My approach to refactoring and legacy code

September 7, 2016

What I usually pursue is the minimization of unintended change and optimization for readability, most of what we do with code is reading. The refactoring is guided towards patterns and SOLID.

These notes are taken with my environment in mind: A statically typed language, OOP, and dependency injection. Obviously, they do not cover everything. I put here some common smells or mistakes that I have seen recently.

Rules

No modification is allowed in production code that is not covered by tests. The rule can be bent when the change is made with automated refactorings that rely on the compiler and the type system. In this initial phase, the goal is to improve readability, gain understanding and enable testing.

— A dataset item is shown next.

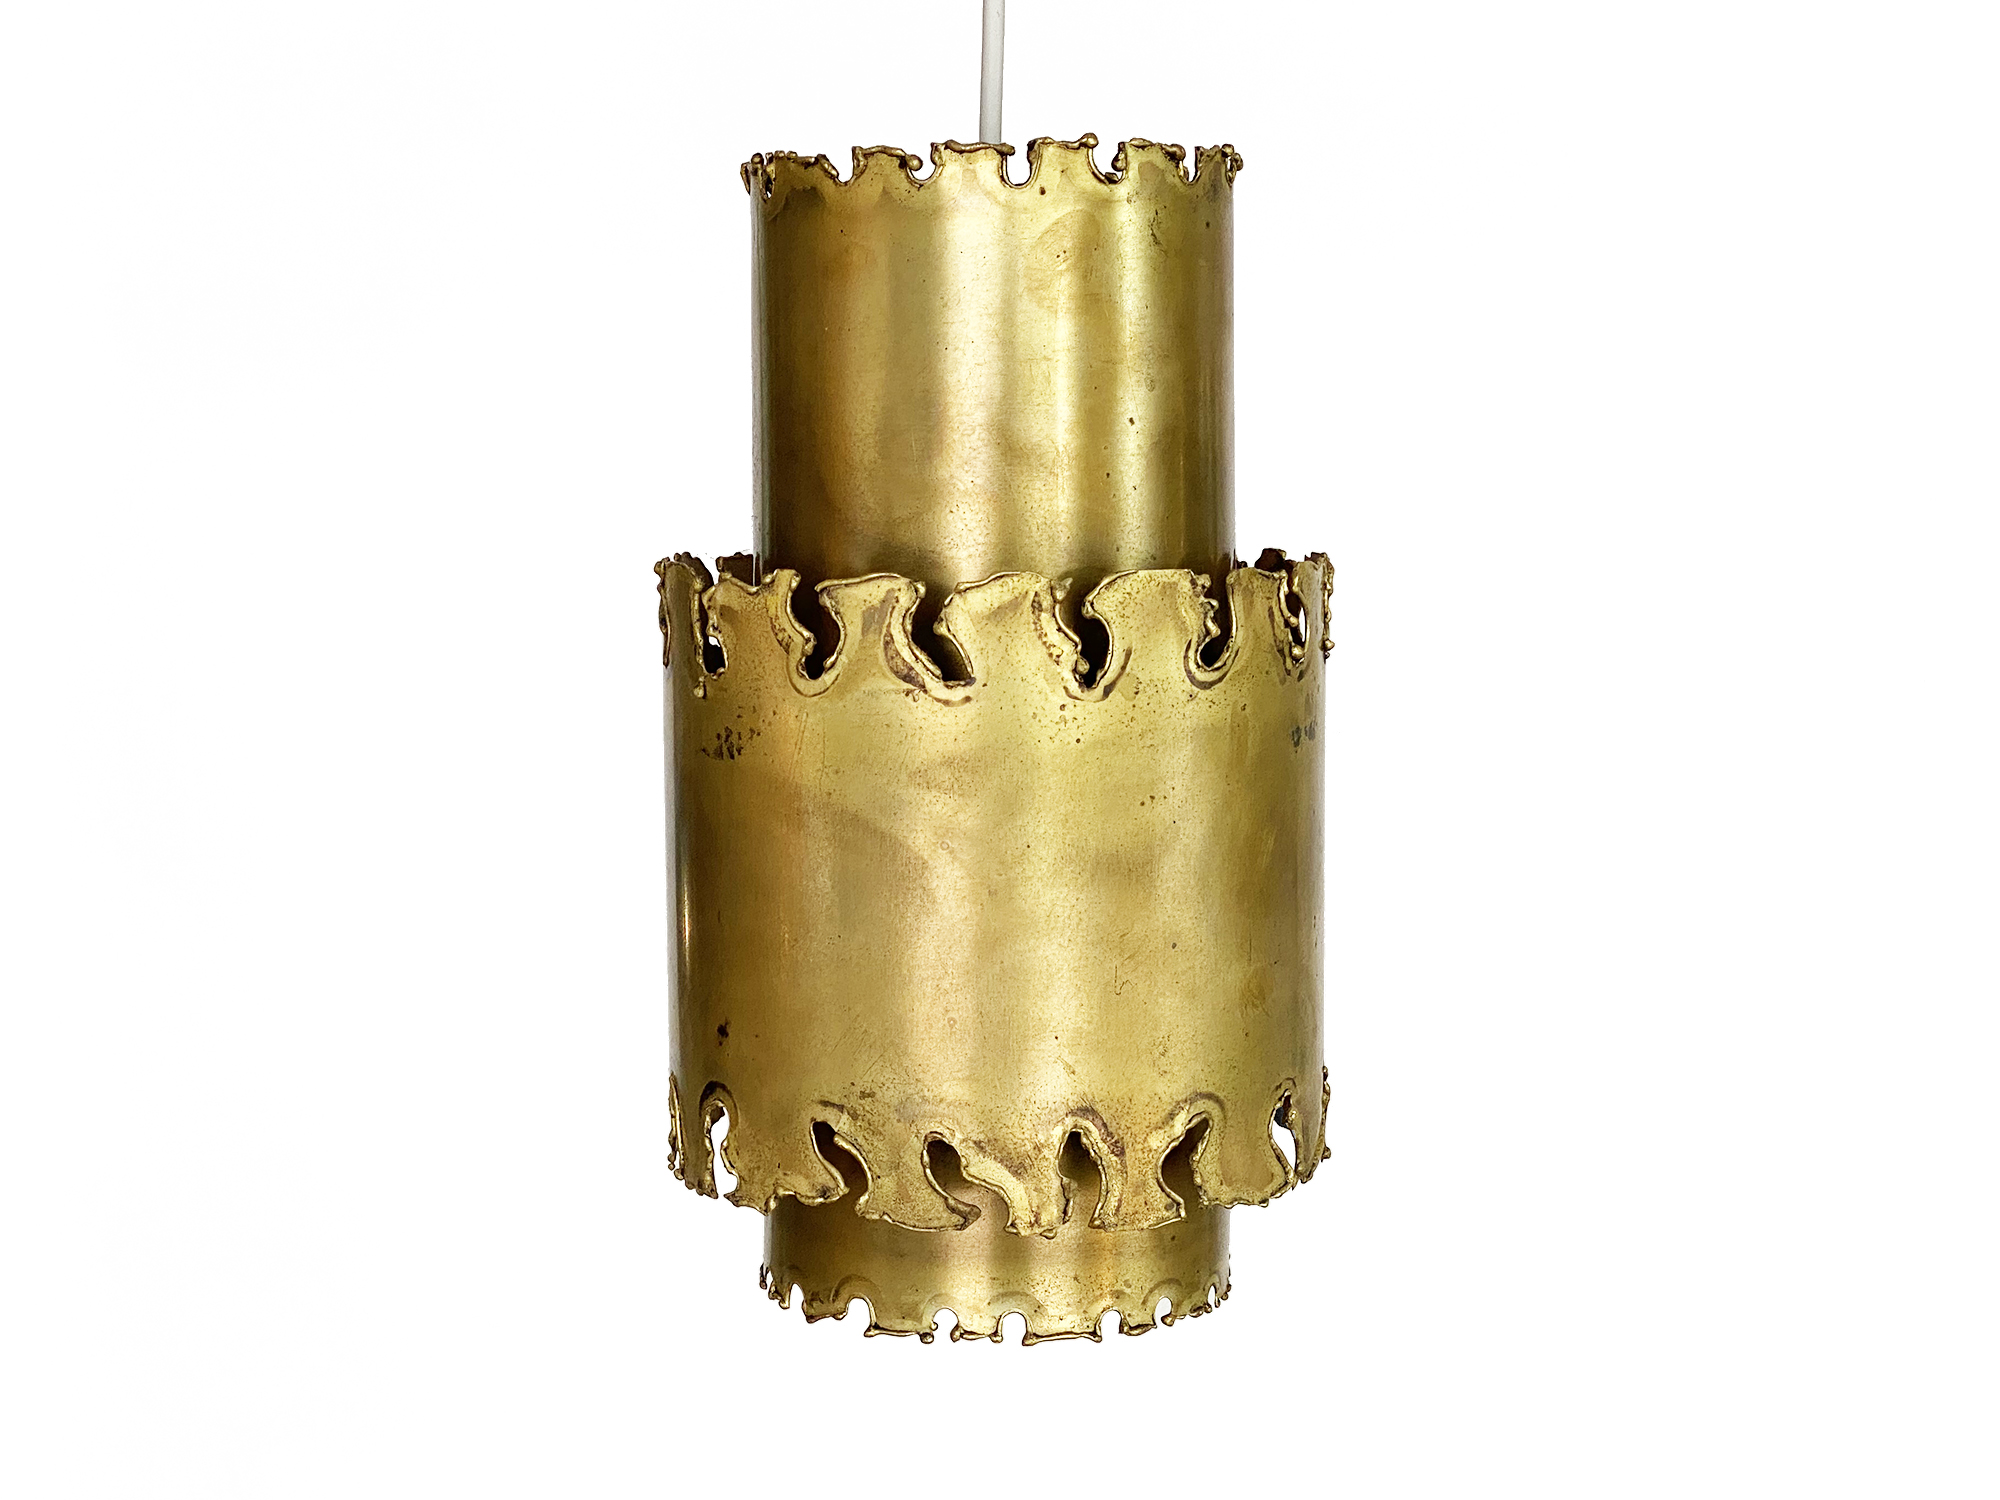 Brutalist pendant light in oxidized brass by Svend Aage Holm Sørensen for Holm Sørensen & co. Denmark 1960s

Code hard to test usually involves actions that produce slow operations (call to database/network) or side effects in systems that we do not own. We will need to configure these actions so they operate as we want, to force different test cases. A seam is a place that allows us to alter how the program behaves without modifying what it does in that location. Removes the dependency and makes possible to specify a different implementation in our tests without modifying production code.

Typically and as a first step, this is implemented using the features of the language to manage visibility as the 'protected' keyword in Java or C#. Production code uses the original method, test code subclasses the class using an alternative version of the dependency.

The last step with dependencies, once the class is covered, would be to use inversion of control and inject them if possible using constructor injection.

Managing frustration

Covering legacy code or adding new features can be incredibly frustrating. Get an accurate idea of what the code does at once is hard. A nicer approach is start writing tests for the outer branches of the code and after, step by step, start covering the inner branches.

Approach to refactor nested conditionals

Video - Sandro Mancuso

Outer branches are easier to understand as the state needed to execute them is smaller. That implies also that our setup code will be shorter putting ourselves in a position where it will be easier to see the first test passing. As we start to cover inner branches we already have an idea of the setup needed and we acquire knowledge incrementally, refactoring also our test codebase and reducing the cognitive load when tackling more complex scenarios.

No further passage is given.